**Exercise brief**
A word-for-word copy of the records is needed, with every picture left out.
========================================
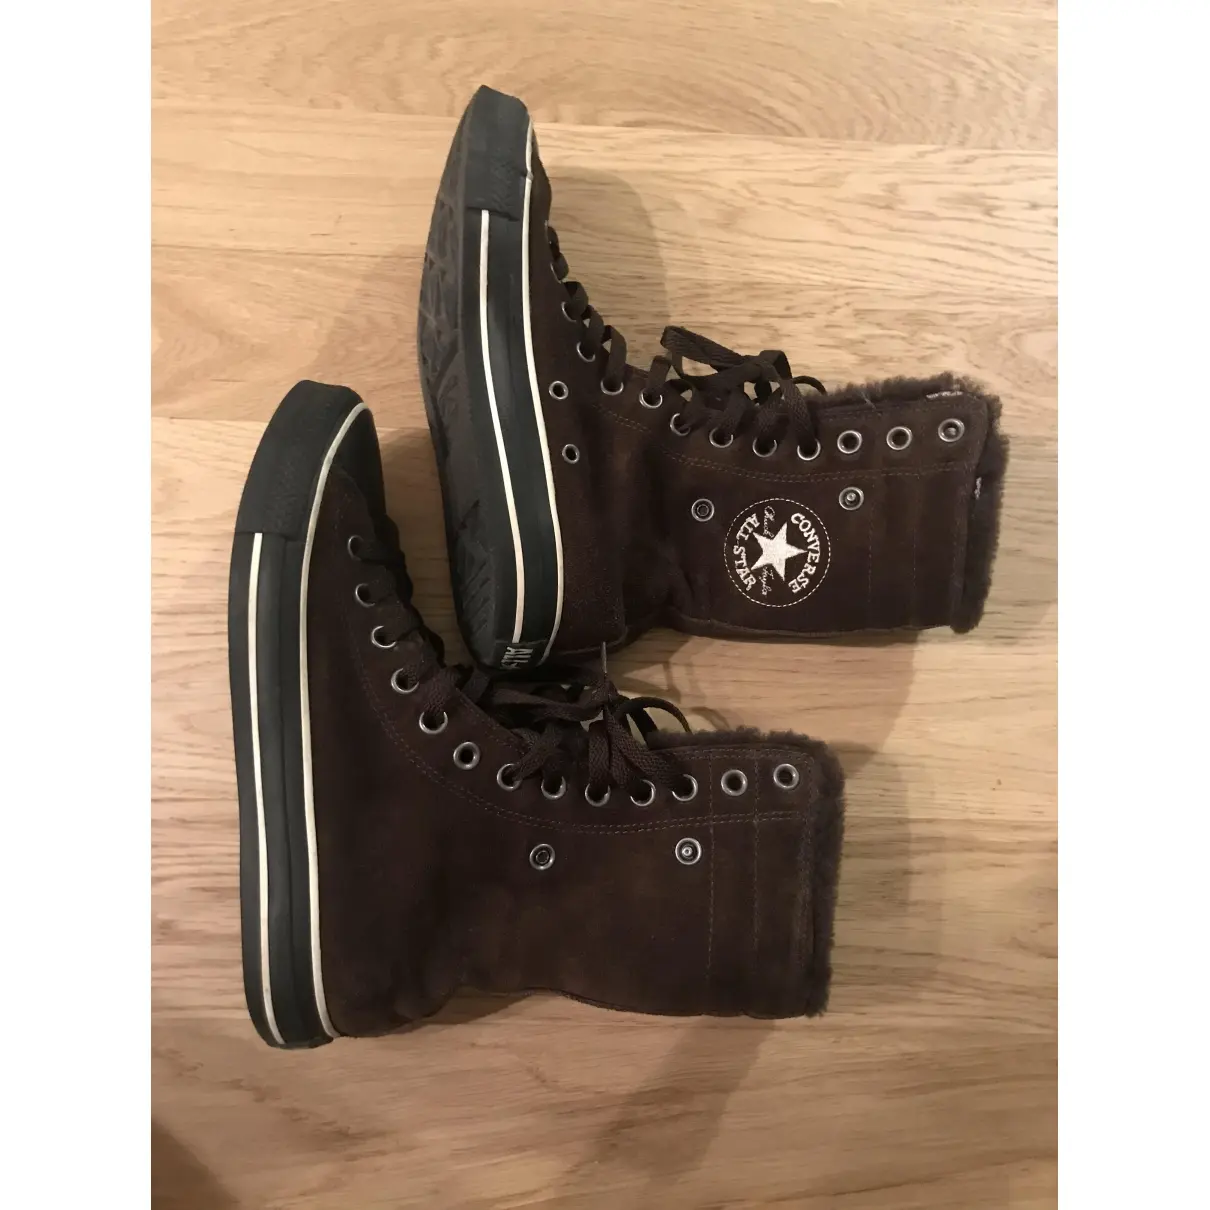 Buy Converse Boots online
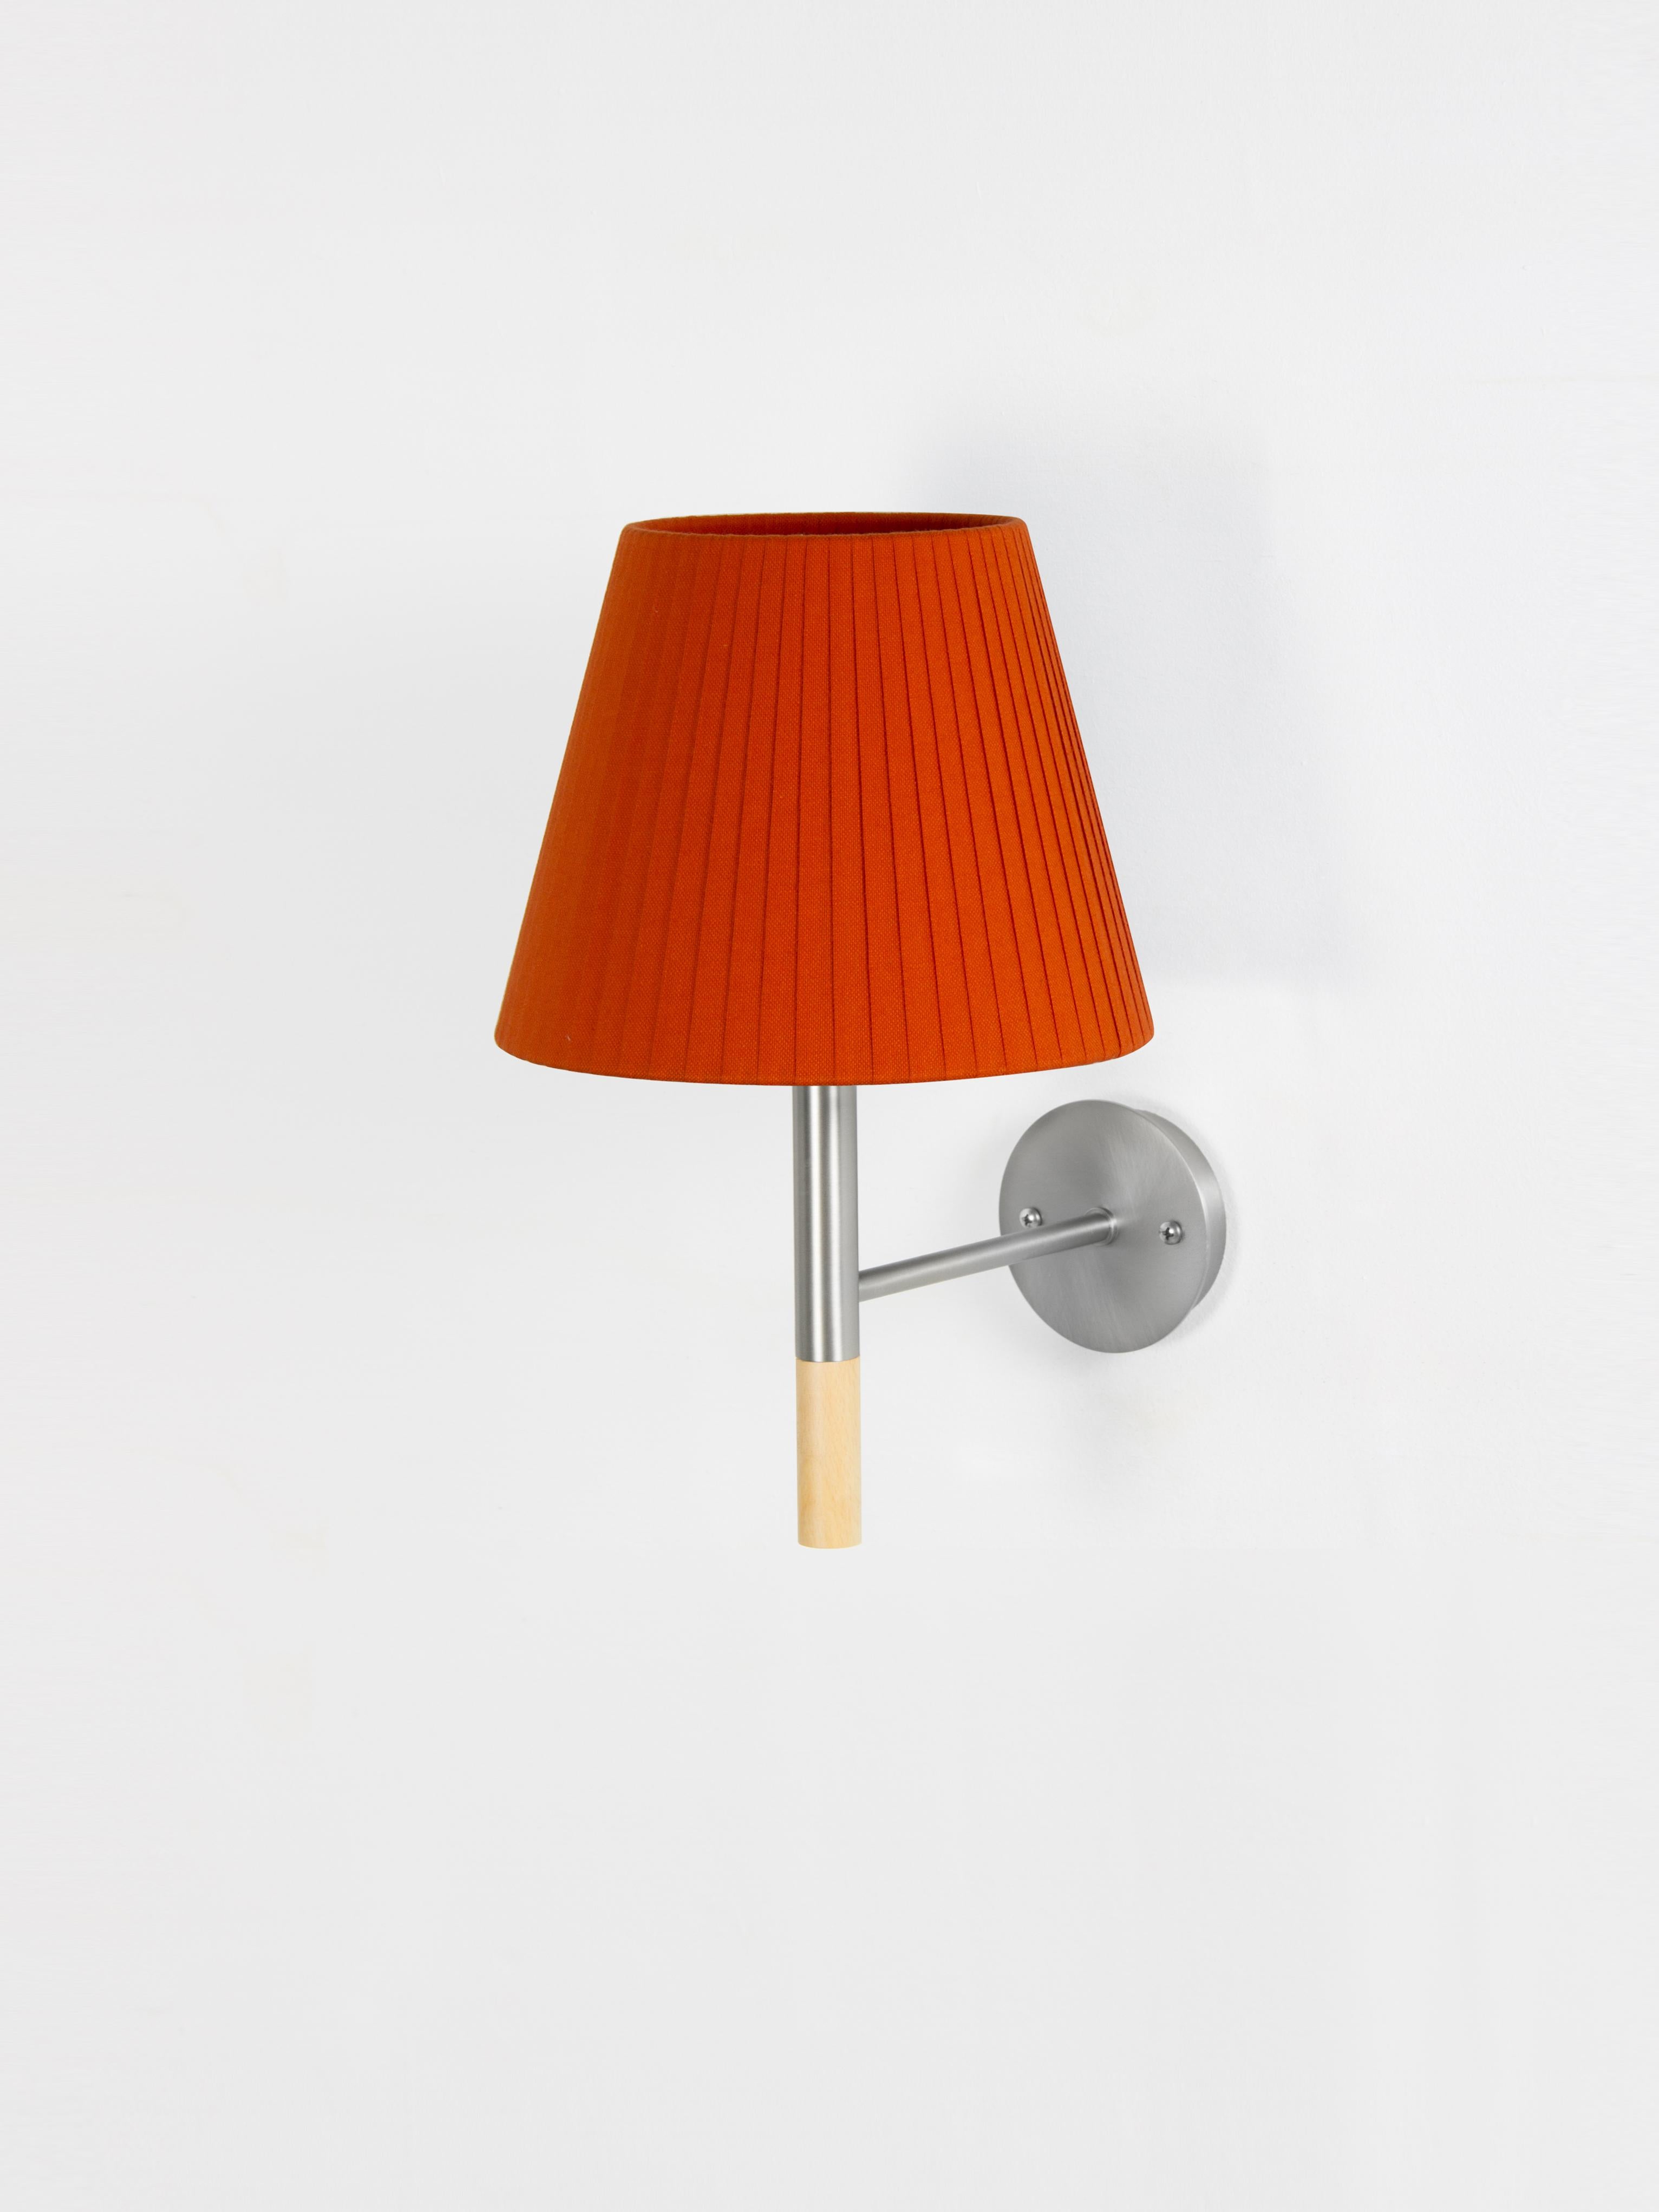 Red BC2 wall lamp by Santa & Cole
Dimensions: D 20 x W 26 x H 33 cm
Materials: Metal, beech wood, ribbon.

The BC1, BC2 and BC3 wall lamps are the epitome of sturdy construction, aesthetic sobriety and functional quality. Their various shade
========================================
**Solved exercise**
 Buy Converse Boots online
 Red BC2 wall lamp by Santa & Cole
Dimensions: D 20 x W 26 x H 33 cm
Materials: Metal, beech wood, ribbon.

The BC1, BC2 and BC3 wall lamps are the epitome of sturdy construction, aesthetic sobriety and functional quality. Their various shade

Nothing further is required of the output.